In the management of both micro and small enterprises sectors, the employment by the government in the case of Denmark has these standards and codes being craft- based and not firm-based. This is an indicator that the firm has little or other very limited rights in employment and remuneration of workers. This is a fully pledged duty of the government but still there must be various consultations with the employees and the firm management due to the fact that the way of ruling and execution of duties is informal. Here the information flows easier from one department to another since transparency is exercise and every party is free to ask questions for various clarifications. On the other hand, the management standards of micro and small enterprises in France are firm based where the firm will perform its duties independently after which the laws under the government may approve or disapprove the decisions. To some extent, we can conclude that the rights of the workers in both Denmark and France are somehow limited although in Denmark they are a bit simpler than those of the French employees.

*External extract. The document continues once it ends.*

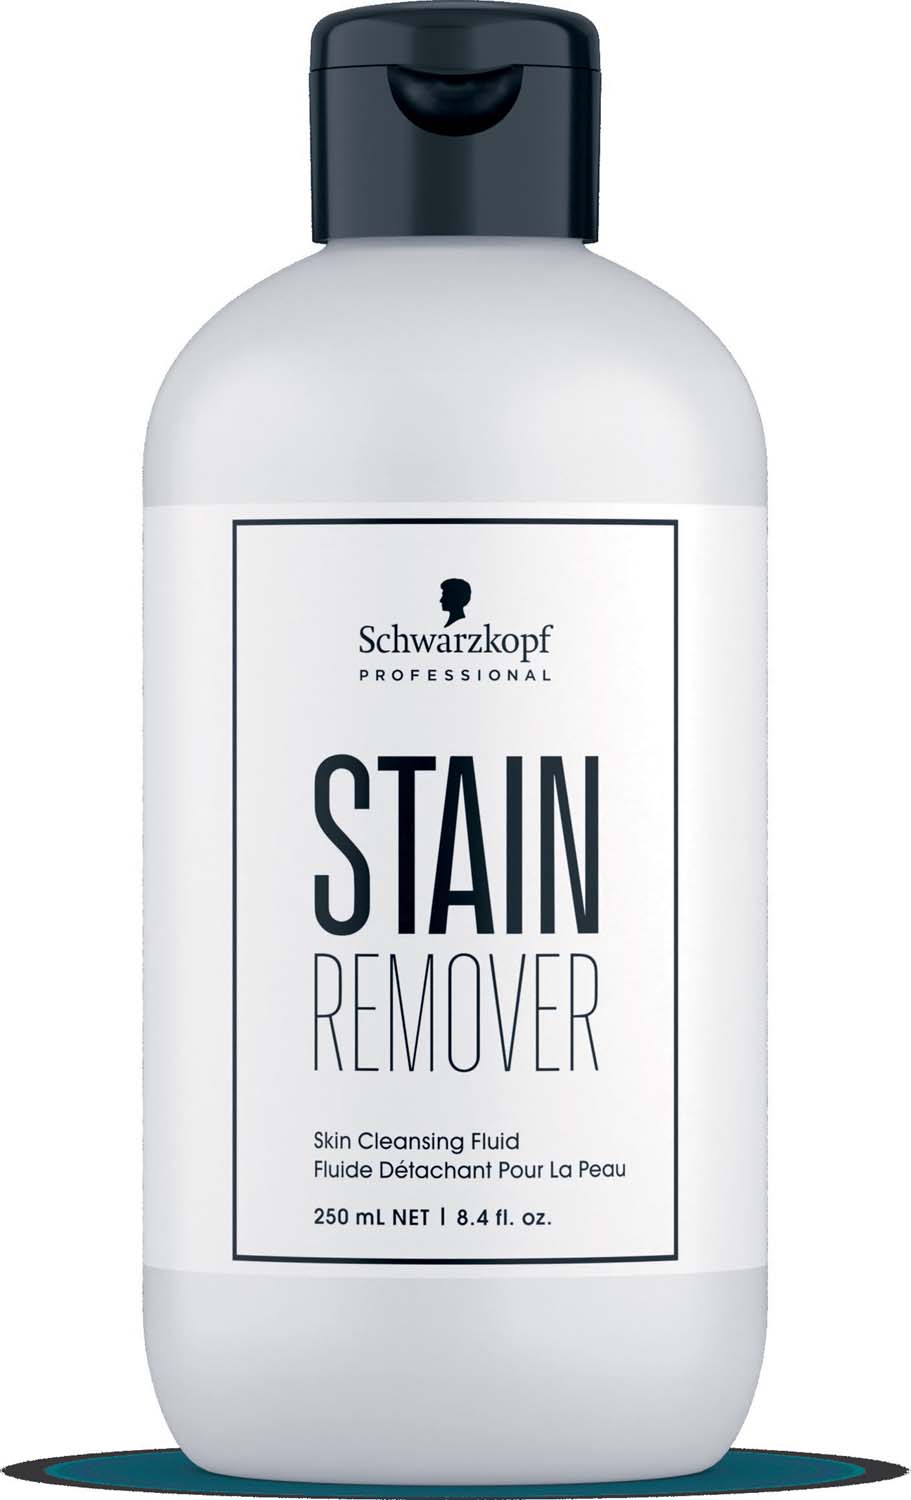 Stain Remover, Hautreinigendes Fluid

In Denmark still, the larger firms are accredited with higher collective bargaining agreements as opposed to small enterprises. According the way of ruling and recognition the Danish mostly emphasize the size of the business before distribution of the bargaining power. This simply means that SMEs have very little collective bargaining agreement powers as compared to larger firms. Contrary in the French nation, there are no boundaries or any jurisdiction in the rights and bargaining powers of the employees, may it be from the small enterprises or the larger firms. All the employees are taken as equal and in possession of very little rights. No matter the size or the sector a firm is in, for the French government and remuneration department these are just but equal in terms of employee treatment.

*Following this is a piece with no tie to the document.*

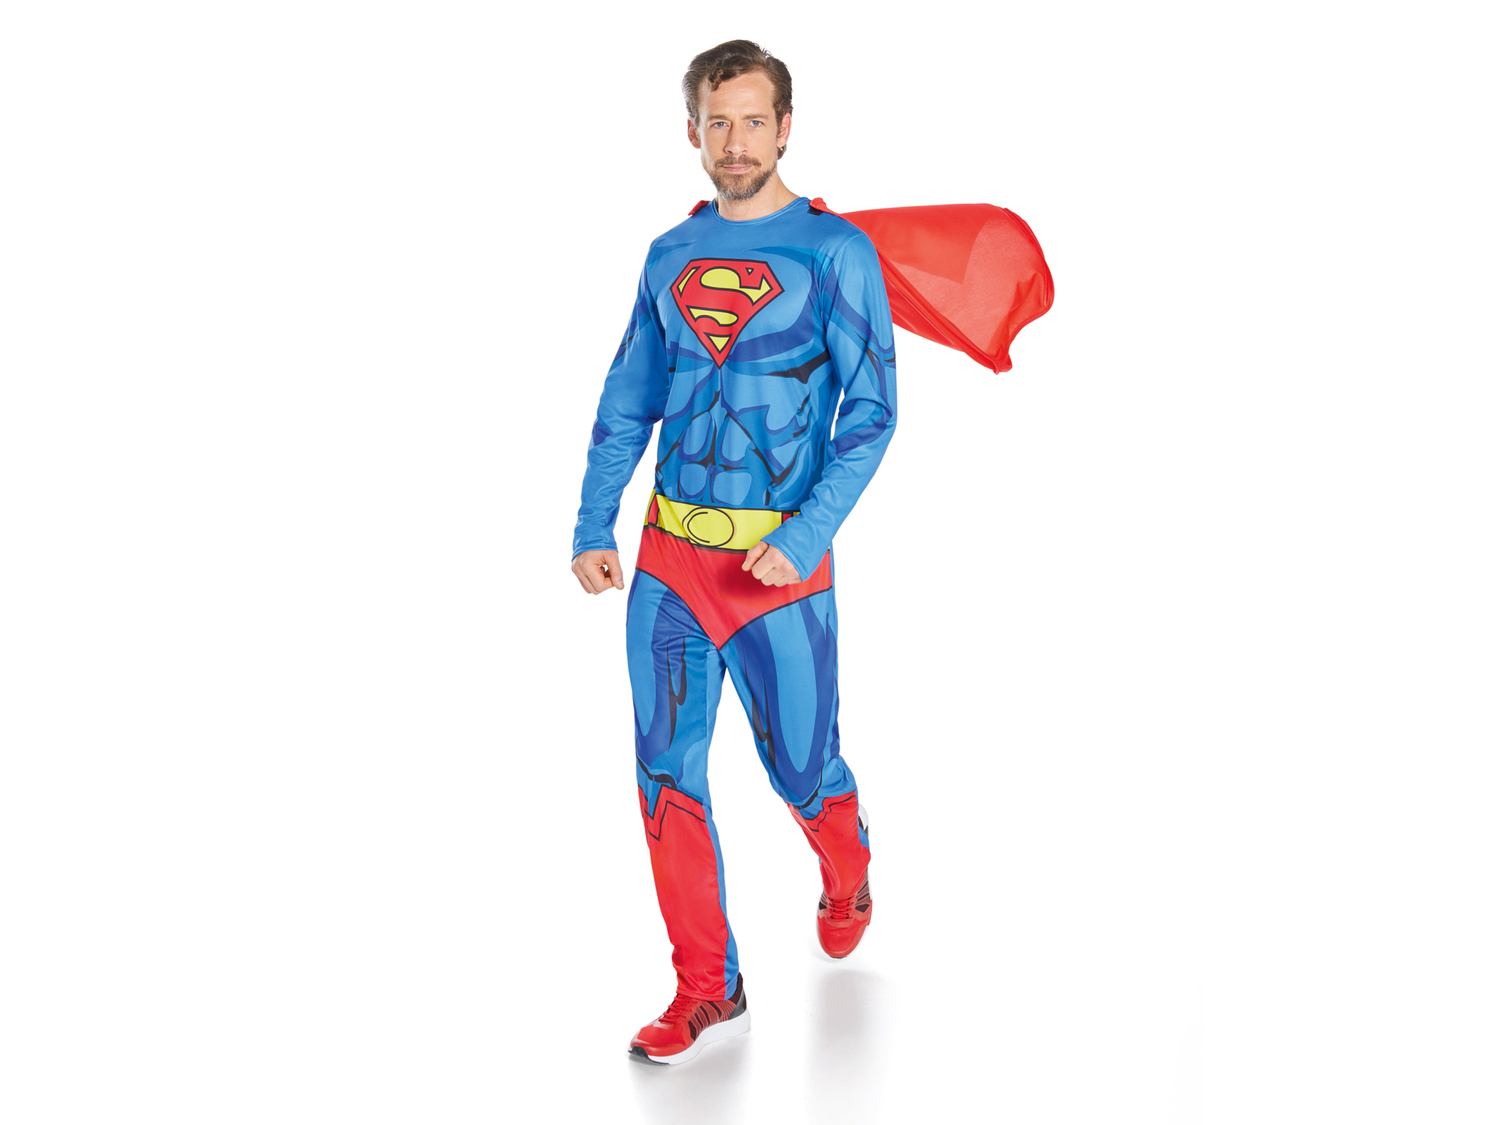 Costume di carnevale da uomo Superman, prezzo 12.99 &#8364; 
Misure: M-L
Taglie ...

In conclusion, it is evident that the system of the workplace representation applied in whichever institution is of great importance and lead to either success or failure of the entire enterprise. Employees are the most important people in every organization and they should be treated with a lot of respect and should not be exploited in whichever way. In Denmark there has been a tradition of the trade unions representing the rights of the workers to the government and this has helped the employees improve in their standards due to this kind of unity as opposed to the French system where even after they form organizations to fight for their rights, they still feel neglected as the government doesn’t give them time to express their needs. No matter the type of employees the government has, there should be recognition as what they do cannot be compared to other activities. A motivated employee will always commit themselves towards achieving the company goals and objectives. Actually they are the determinant factors of either the success or failure of any thriving organization.